| WORK INSTRUCTION |
Find the line that holds "Nike MD Runner 2 PE Schuh für jüngere Kinder", then repeat it and each line below it word for word through the end of the listing, leaving out pictures.

| RAW DATA |
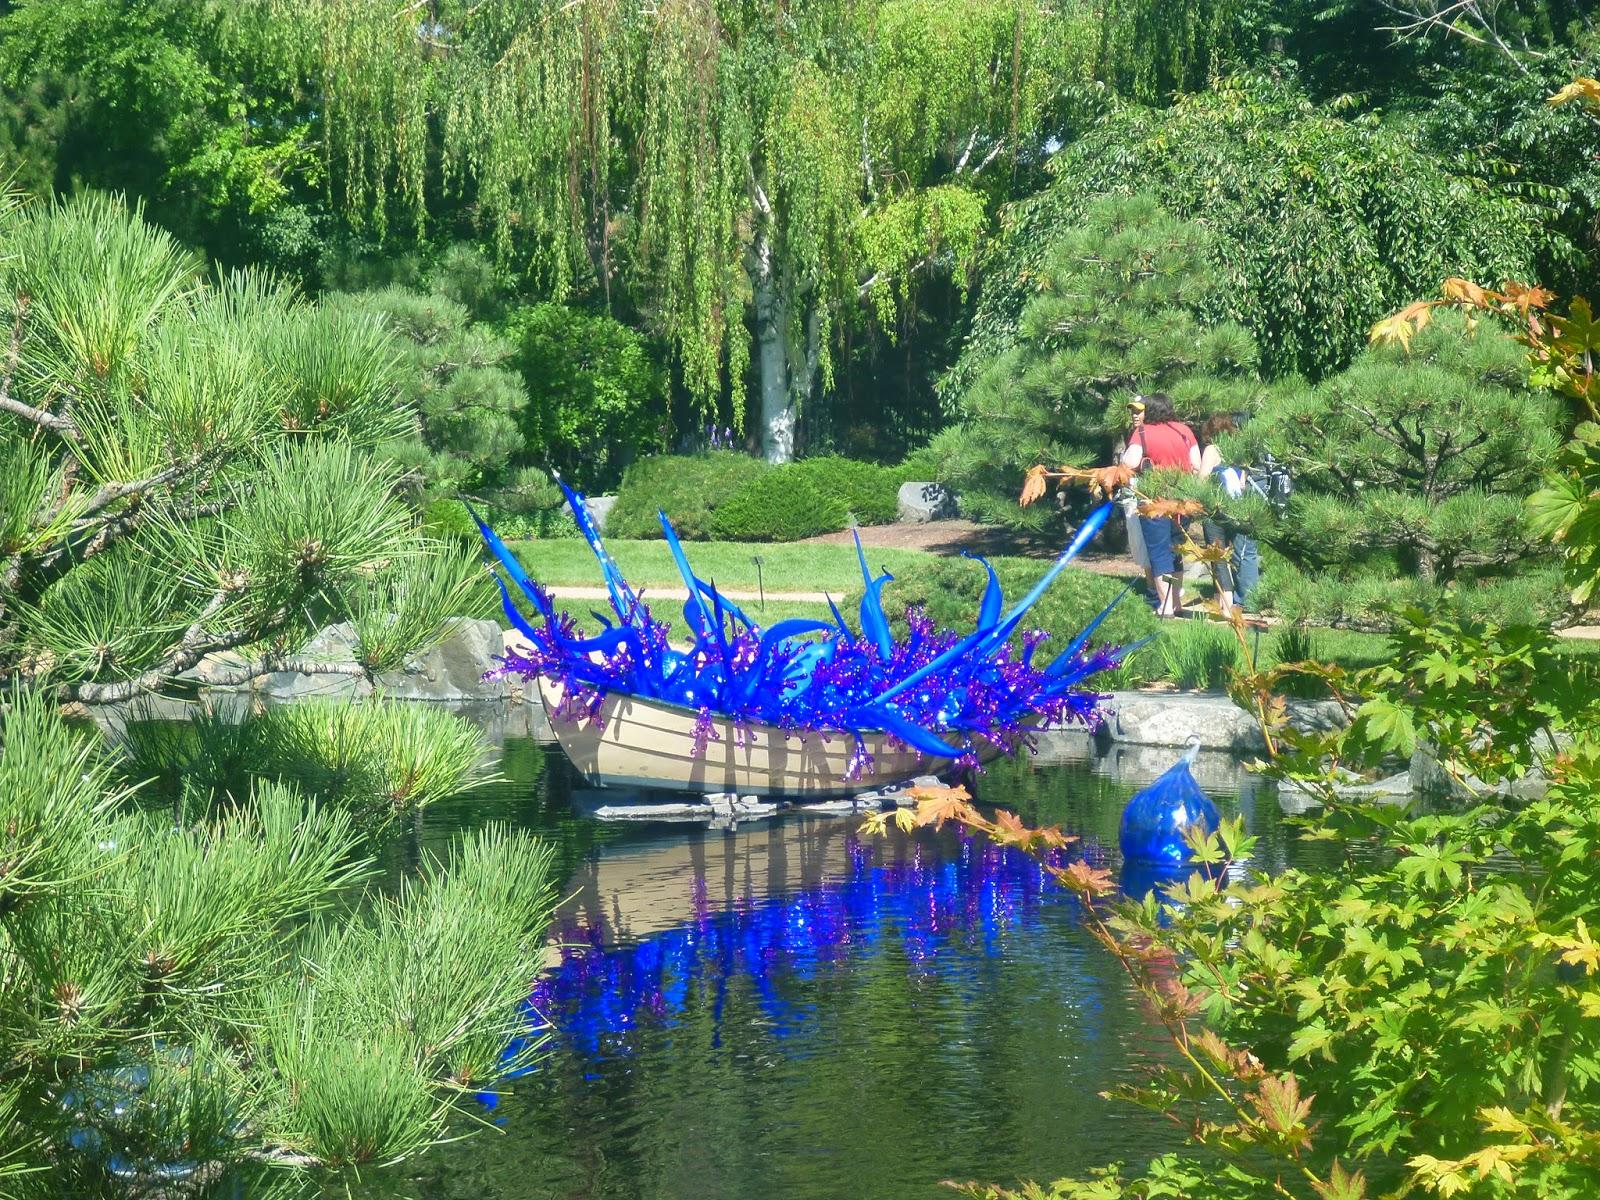 Artistic Journeys Chihuly Exhibit At The Denver Botanic
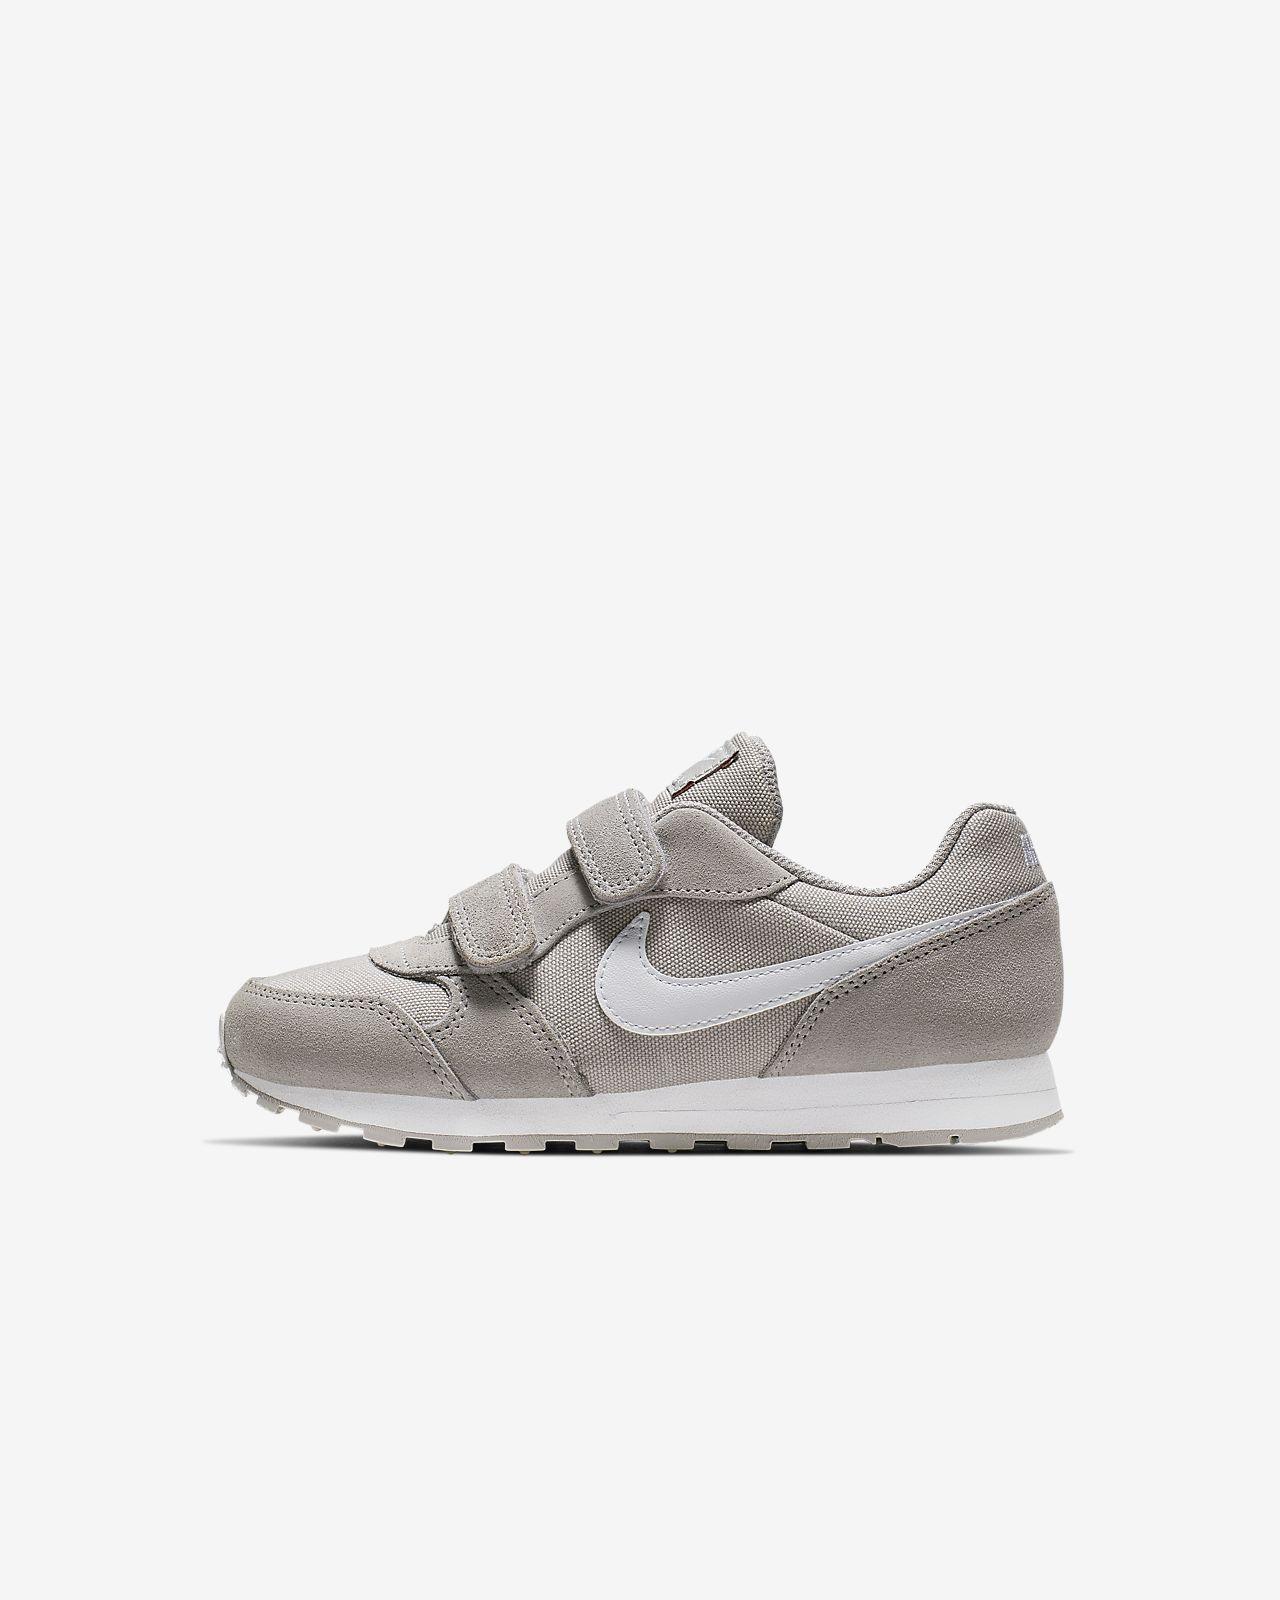 Nike MD Runner 2 PE Schuh für jüngere Kinder
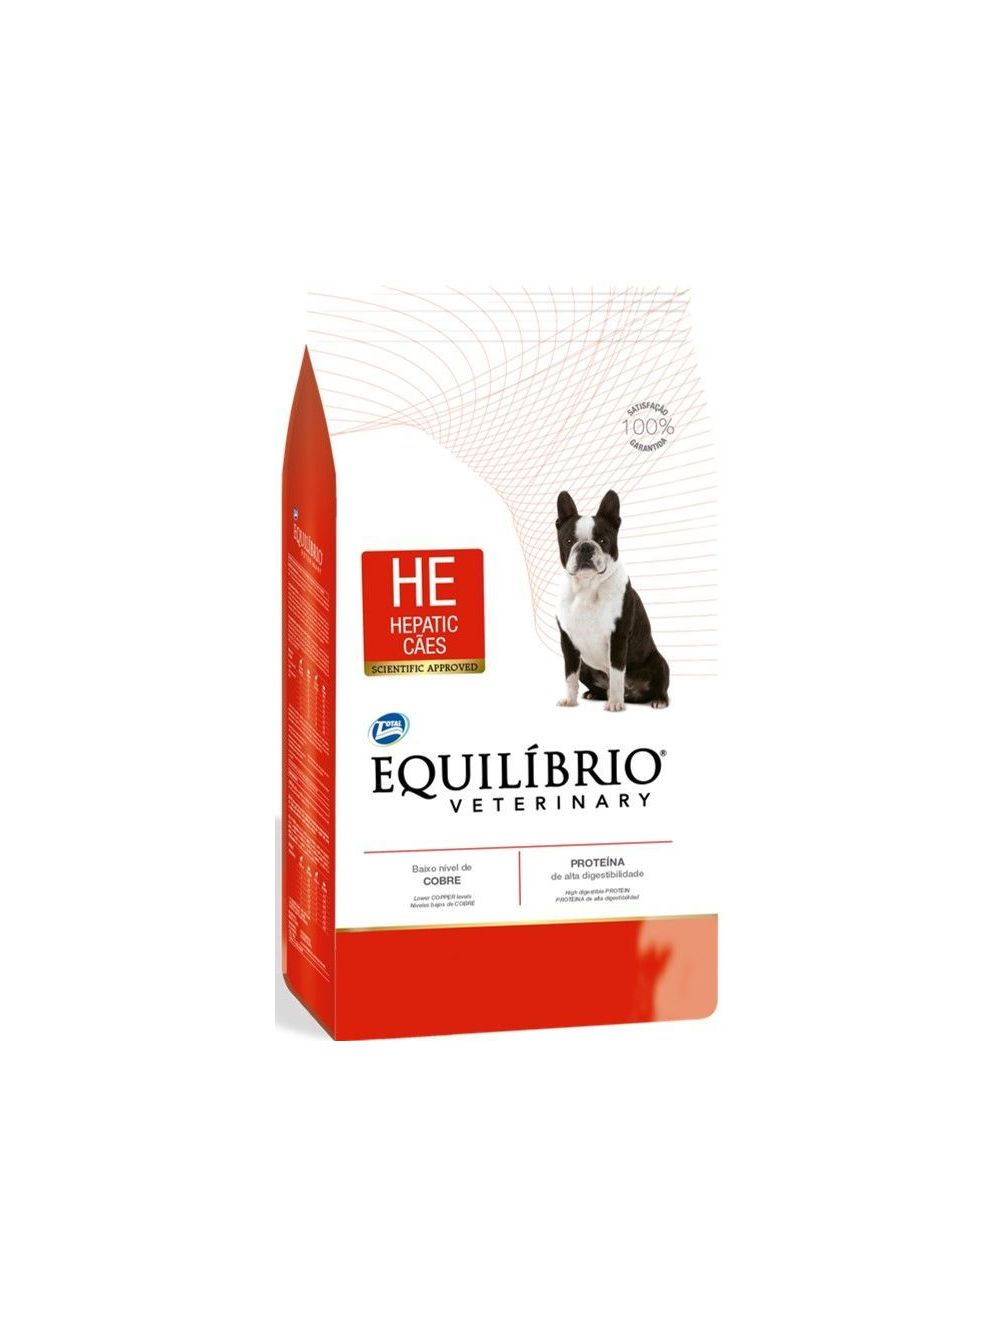 Equilibrio Perro Veterinary Hepatic x 2Kg - P80

| SOLUTION FOR THIS PROBLEM |
 Nike MD Runner 2 PE Schuh für jüngere Kinder
 Equilibrio Perro Veterinary Hepatic x 2Kg - P80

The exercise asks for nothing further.